游戏玩法分析
表: Activity
+--------------+---------+
| Column Name | Type |
+--------------+---------+
| player_id | int |
| device_id | int |
| event_date | date |
| games_played | int |
+--------------+---------+
(player_id, event_date) 是这个表的两个主键
这个表显示的是某些游戏玩家的游戏活动情况
每一行是在某天使用某个设备登出之前登录并玩多个游戏(可能为0)的玩家的记录
表示例数据如下
Activity table:
+-----------+-----------+------------+--------------+
| player_id | device_id | event_date | games_played |
+-----------+-----------+------------+--------------+
| 1 | 2 | 2016-03-01 | 5 |
| 1 | 2 | 2016-05-02 | 6 |
| 2 | 3 | 2017-06-25 | 1 |
| 3 | 1 | 2016-03-02 | 0 |
| 3 | 4 | 2018-07-03 | 5 |
+-----------+-----------+------------+--------------+
1.查询每一个玩家首次登陆的设备名称,输出playerid,deviceid
解题思路:
(1) 先用一个子查询得到每个用户首次登陆的时间
(2)可以用where in 筛选出一个玩家首次登陆的设备名称或者利用join进行匹配
-- where in 解法
select a.player_id ,a.device_id
from Activity a
where (a.player_id ,a.event_date) in (
select player_id,min(event_date) as first_login_time
from Activity
group by player_id
)t
注:不能直接用event_date in(子查询)。这是因为没有把玩家playerid和时间event_date关联起来,会产生这样一个错误。例如玩家A首次登陆的时间是2020-03-01,而玩家B在2020-03-01也登陆了,所以最后查询结果必然多了那些不是首次登陆的玩家结果。
-- join解法
select a.player_id,a.device_id
from Activity a inner join (
select player_id,min(event_date) as first_login_date
from Activity
group by player_id
)t on a.player_id = t.player_id and a.event_date = t.first_login_date
注:列名在多表同时出现时,要加上表别名,eg:a.player_id,不然会报错。

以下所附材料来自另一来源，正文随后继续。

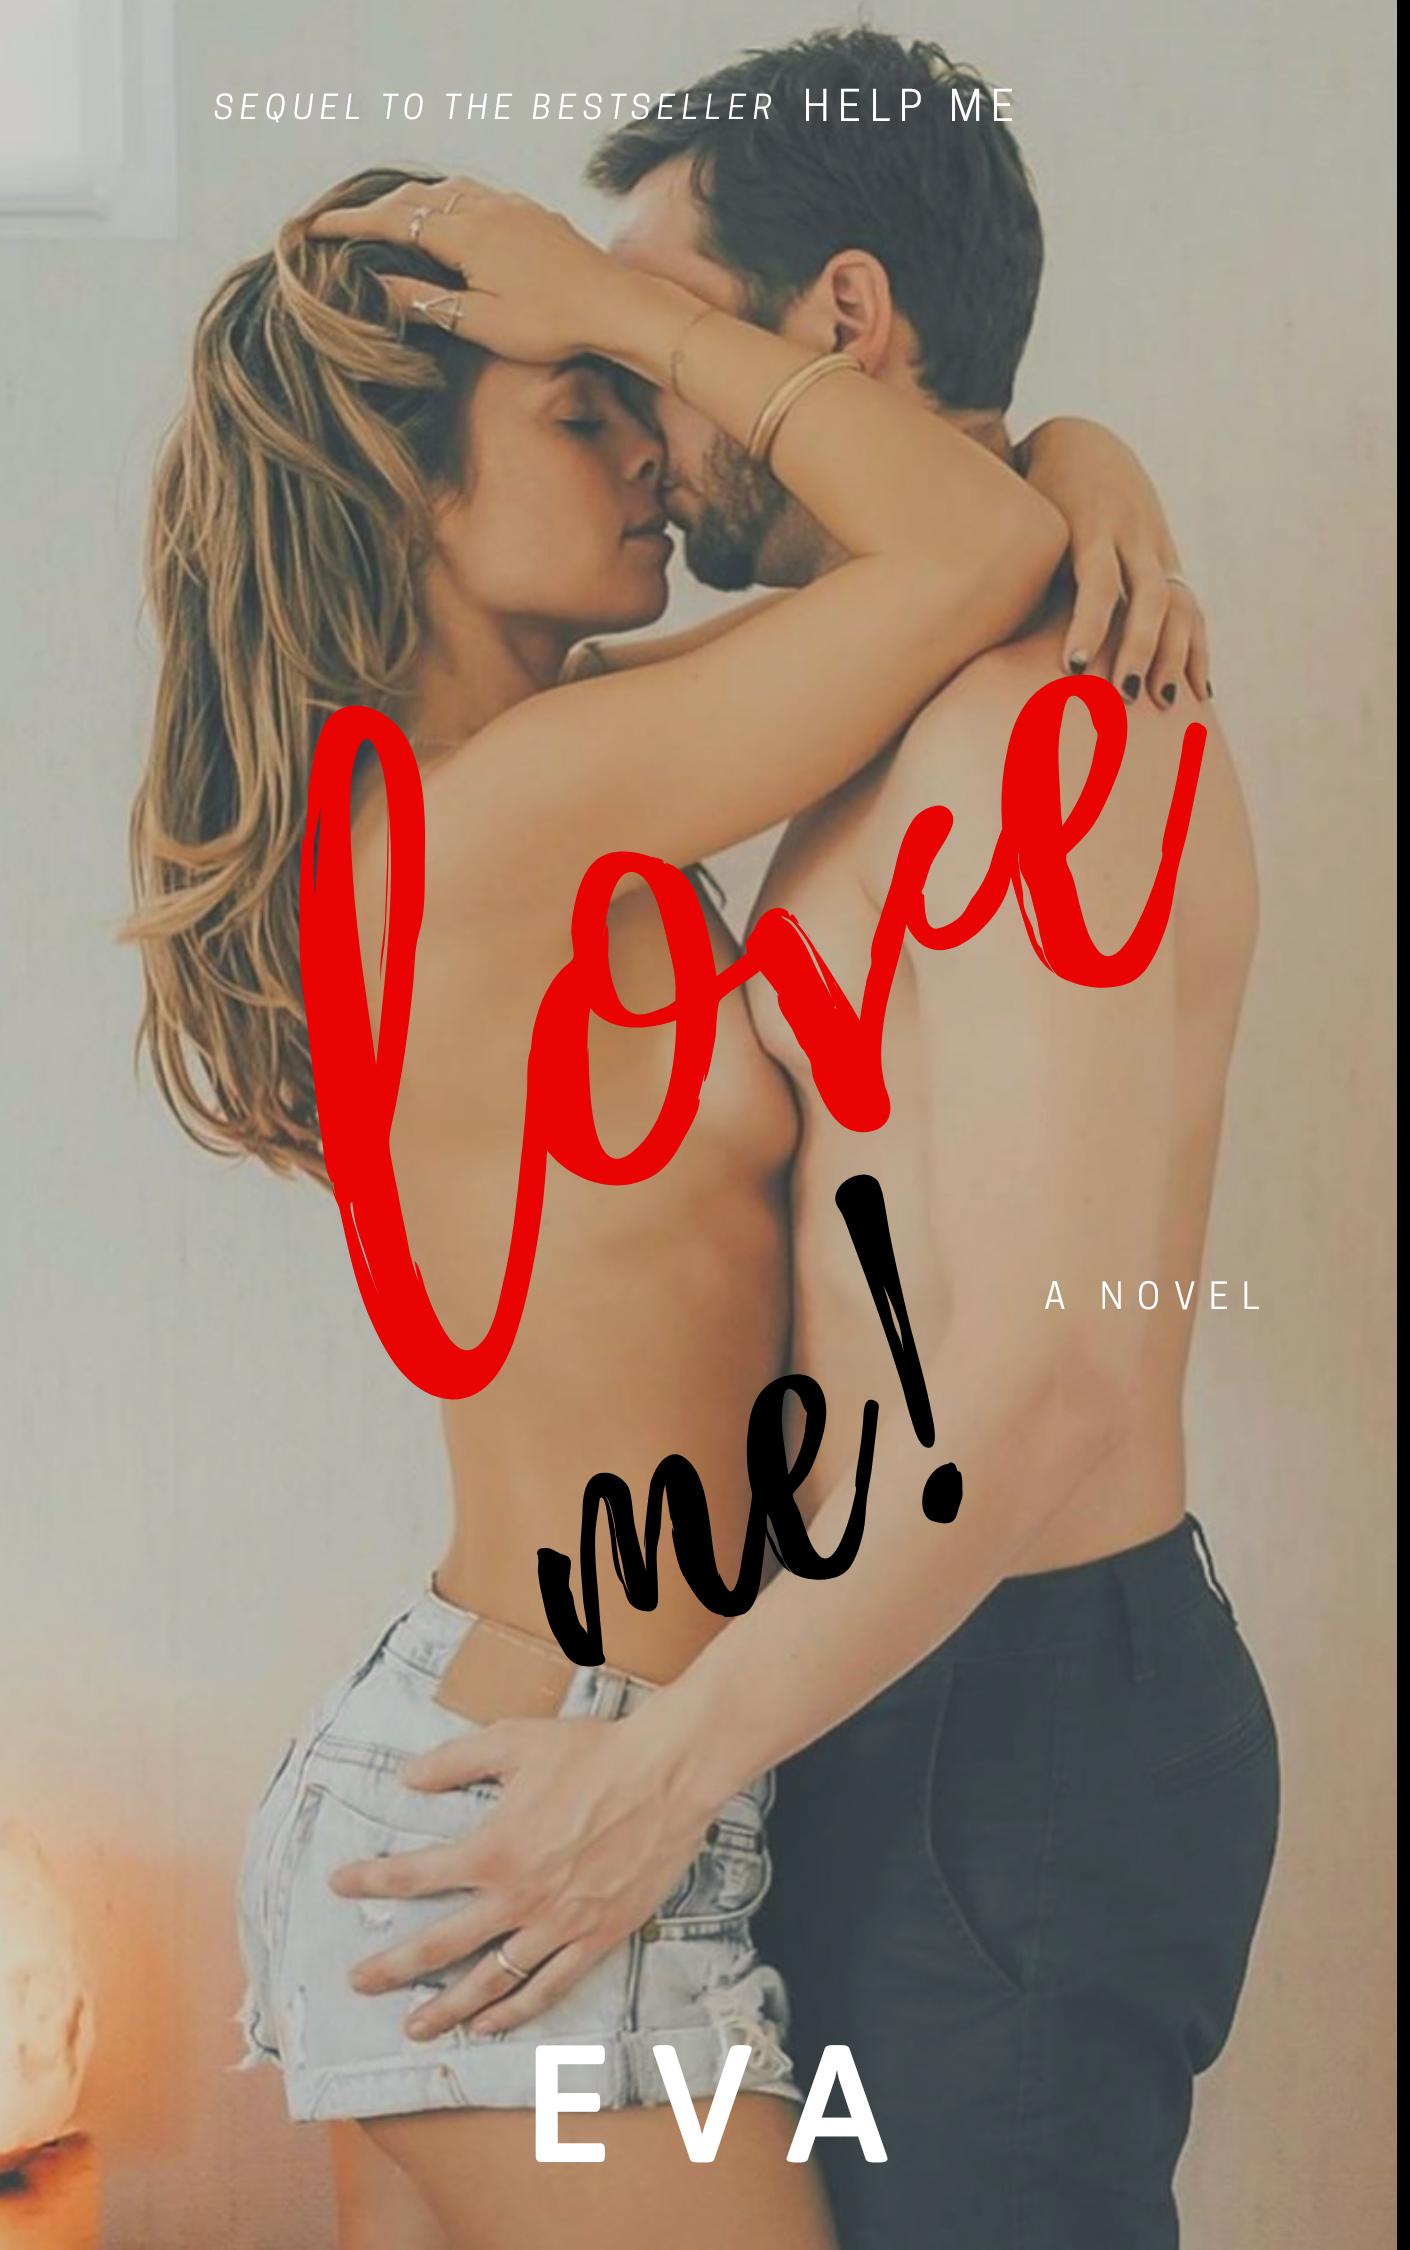 LOVE ME 21++ (Sequel HELP ME)

2.编写一个 SQL 查询,同时输出每组玩家和日期,以及玩家到目前为止玩了多少游戏。也就是说,在此日期之前玩家所玩的游戏总数。输出playerid,eventdate,games_played_so_far
解题思路:
是个累积求和的问题,利用窗口函数或者自连接解决
-- 窗口函数解法:leetcode sqlserver可以实现窗口函数,mysql不能
select player_id,event_date,
sum(games_played)over(partition by player_id order by event_date) games_played_so_far
from Activity
注:不加order by会计算分组内全部数的和,加order by才能实现累加和
--自连接解法
select a1.player_id,a1.event_date,sum(a2.games_played) as games_played_so_far
from Activity a1,Activity a2
where a1.player_id = a2.player_id and a1.event_date >= a2.event_date
group by a1.player_id,a1.event_date
order by a1.player_id,a1.event_date
3.编写一个 SQL 查询,输出在首次登录的第二天再次登录的玩家的分数,四舍五入到小数点后两位。这个分数等于从首次登录日期开始至少连续两天登录的玩家的数量除以玩家总数。
示例:
Activity table:
+-----------+-----------+------------+--------------+
| player_id | device_id | event_date | games_played |
+-----------+-----------+------------+--------------+
| 1 | 2 | 2016-03-01 | 5 |
| 1 | 2 | 2016-03-02 | 6 |
| 2 | 3 | 2017-06-25 | 1 |
| 3 | 1 | 2016-03-02 | 0 |
| 3 | 4 | 2018-07-03 | 5 |
+-----------+-----------+------------+--------------+
Result table:
+-----------+
| fraction |
+-----------+
| 0.33 |
+-----------+
只有 ID 为 1 的玩家在第一天登录后才重新登录,所以答案是 1/3 = 0.33
解题思路:
(1)求次日留存用户数second_back_player_num,将每个用户首次登陆时间左连接到a表,然后使用datediff来判断
(2)求总人数
select round(
(
select count(distinct a.player_id) as second_back_player_num
from Activity a left join
(
select player_id,min(event_date) as first_time
from Activity
group by player_id
)t on a.player_id = t.player_id
where datediff(event_date,first_time) = 1
) / (
select count(distinct a.player_id) as total_player_num
from Activity a
),2
) as fraction
4.计算次日留存率
次日留存率 = 第一天新增用户数在第二天活跃的用户数 / 当天新增用户数
解题思路:
在上一题的基础上,要同时保存当天新增用户数和次日留存用户数,所以不能使用where过滤,改成count(case when)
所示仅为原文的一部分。